The worst case is when the cast fails, and there are a lot of steps from D
to B
; in this case there are a lot of failed type comparisons.
所以,是的,它*p
实际上是一个D
; 只是一个成功的type_info
比较。最坏的情况是当演员表失败时,从D
到有很多步骤B
;在这种情况下,有很多失败的类型比较。
How long does type comparison take? it does this, on clang/g++:
类型比较需要多长时间?它在 clang/g++ 上这样做:
compare_eq( type_info const &a, type_info const & b ){
if( &a == &b) return true; // same object
return strcmp( a.name(), b.name())==0;
}
The strcmp is needed since it's possible to have two different type_info
objects representing the same type (although I'm pretty sure this only happens when one is in a shared library, and the other is not in that library). But, in most cases, when types are actually equal, they reference the same type_info; thus most successfultype comparisons are very fast.
strcmp 是必需的,因为可能有两个不同的type_info
对象表示相同的类型(尽管我很确定这只发生在一个在共享库中而另一个不在该库中时)。但是,在大多数情况下,当类型实际上相等时,它们引用相同的 type_info;因此,大多数成功的类型比较都非常快。
The name()
method just returns a pointer to a fixed string containing the mangled name of the class.
So there's another factor: if many of the classes on the way from D
to B
have names starting with MyAppNameSpace::AbstractSyntaxNode<
, then the failing compares are going to take longer than usual; the strcmp won't fail until it reaches a difference in the mangled type names.
该name()
方法只返回一个指向包含类的重整名称的固定字符串的指针。
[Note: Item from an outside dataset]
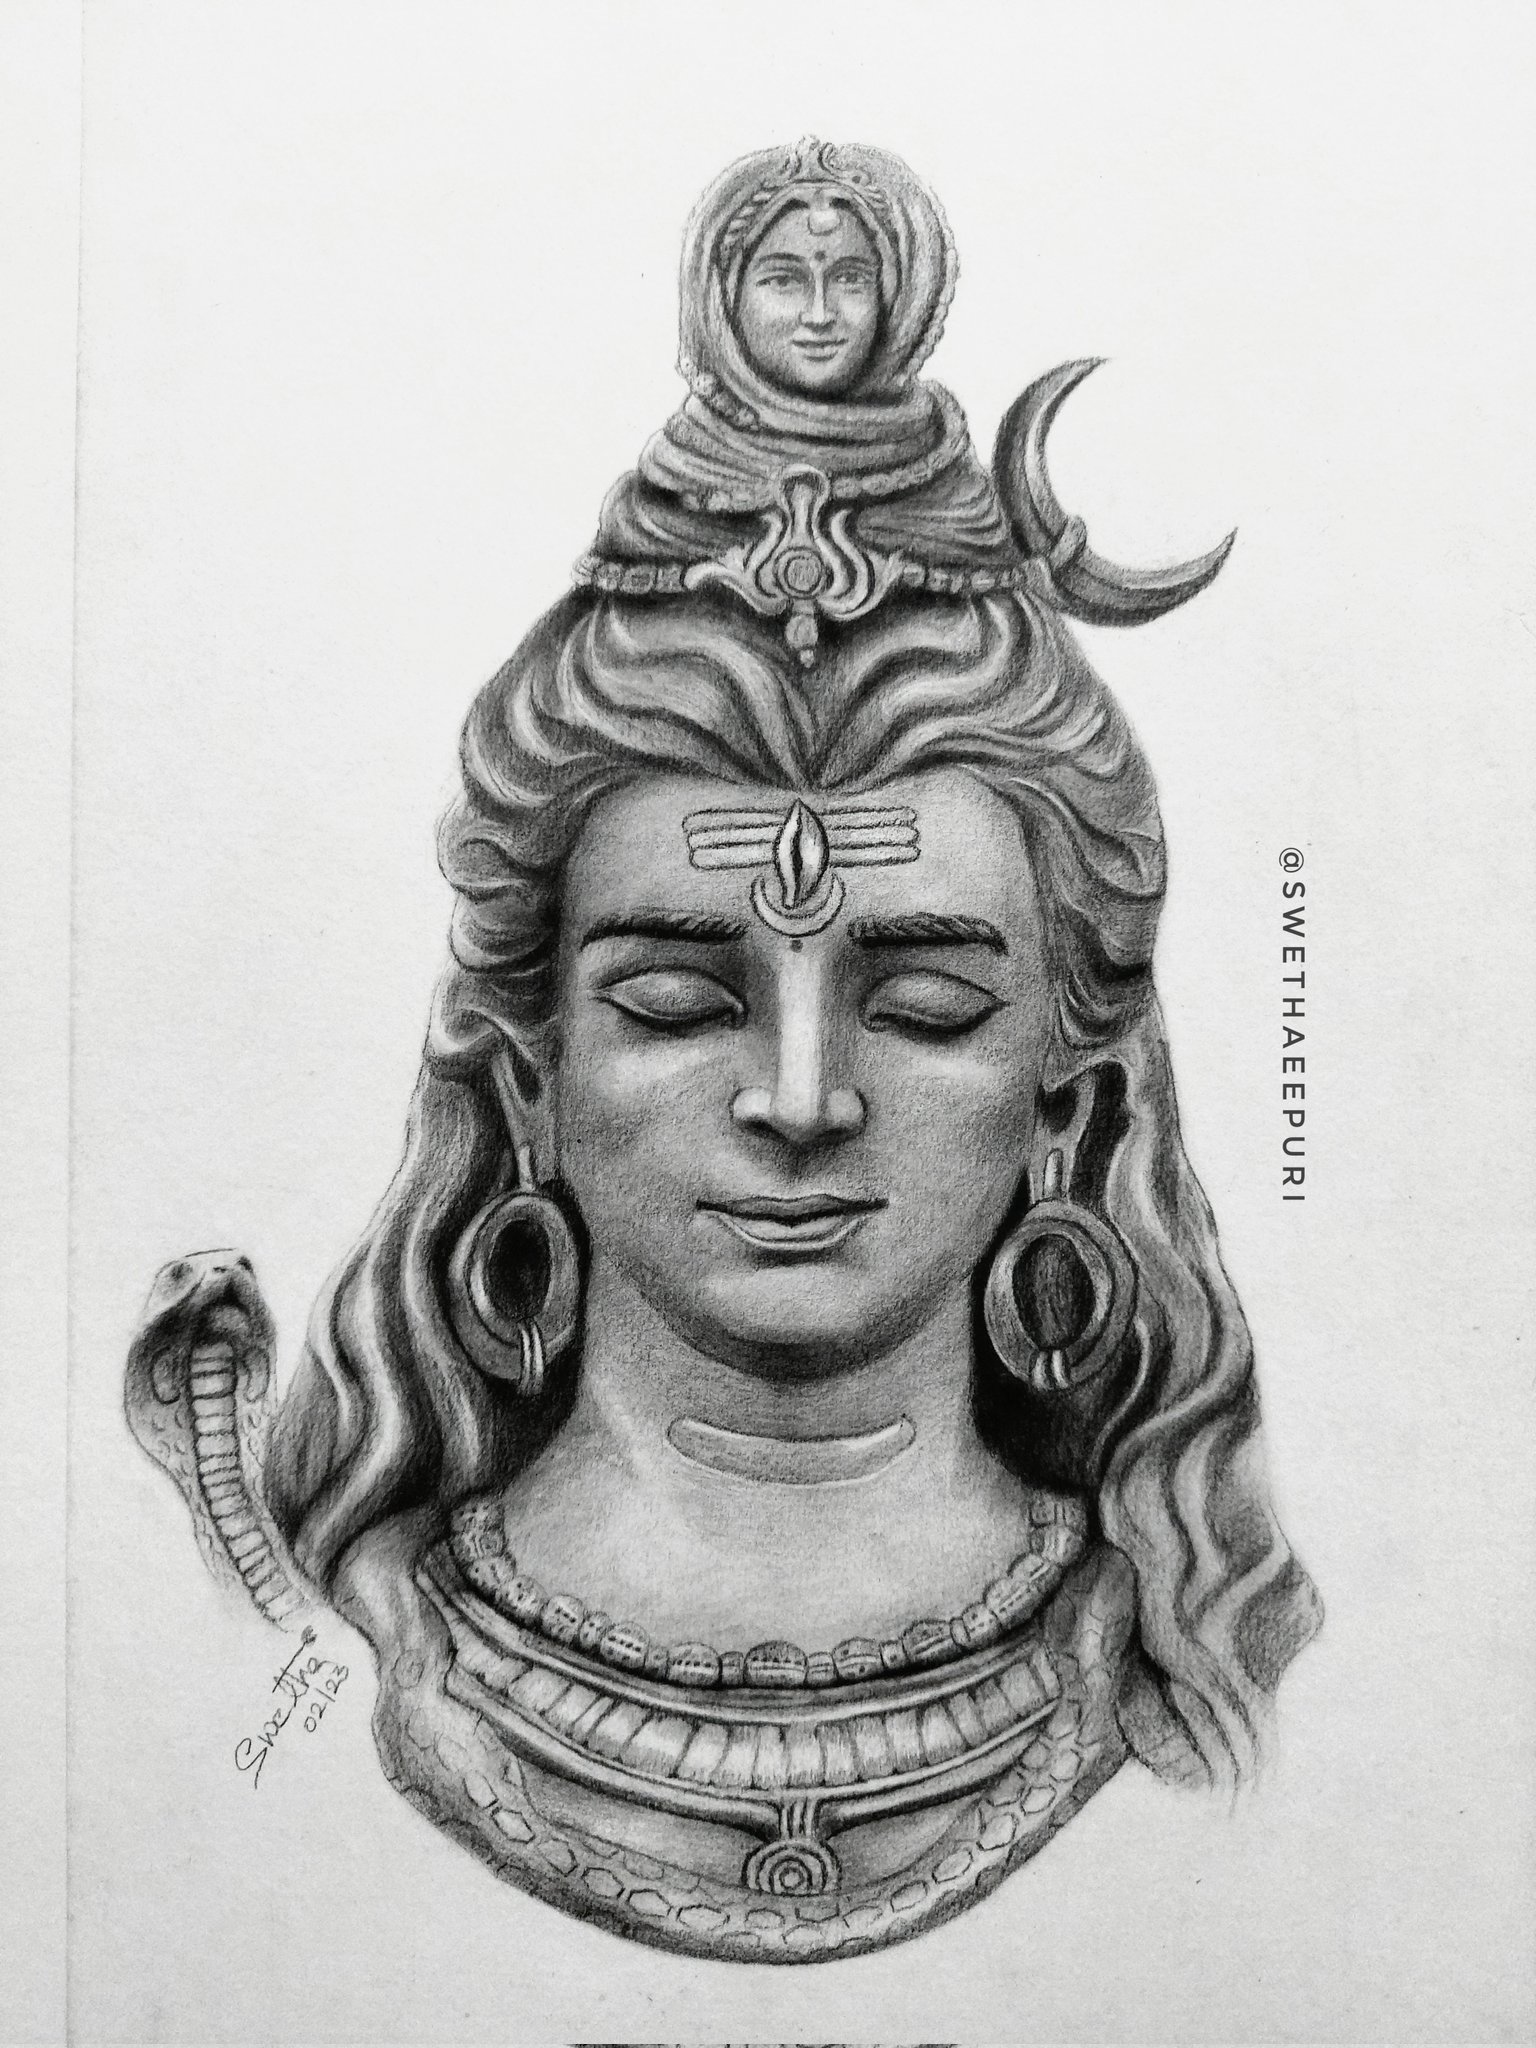 Pencil sketch of Lord Shiva - creativity post - Imgur

所以还有另一个因素:如果从D
到 的许多类的B
名称都以 开头MyAppNameSpace::AbstractSyntaxNode<
,那么失败的比较将花费比平常更长的时间;strcmp 不会失败,直到它达到损坏的类型名称的差异。
And, of course, since the operation as a whole is traversing a bunch of linked data structures representing the type hierarchy, the time will depend on whether those things are fresh in the cache or not. So the same cast done repeatedly is likely to show an average time which doesn't necessarily represent the typical performance for that cast.
而且,当然,由于整个操作正在遍历表示类型层次结构的一组链接数据结构,因此时间将取决于这些内容是否在缓存中是新鲜的。因此,重复进行的同一个演员很可能会显示平均时间,这不一定代表该演员的典型表现。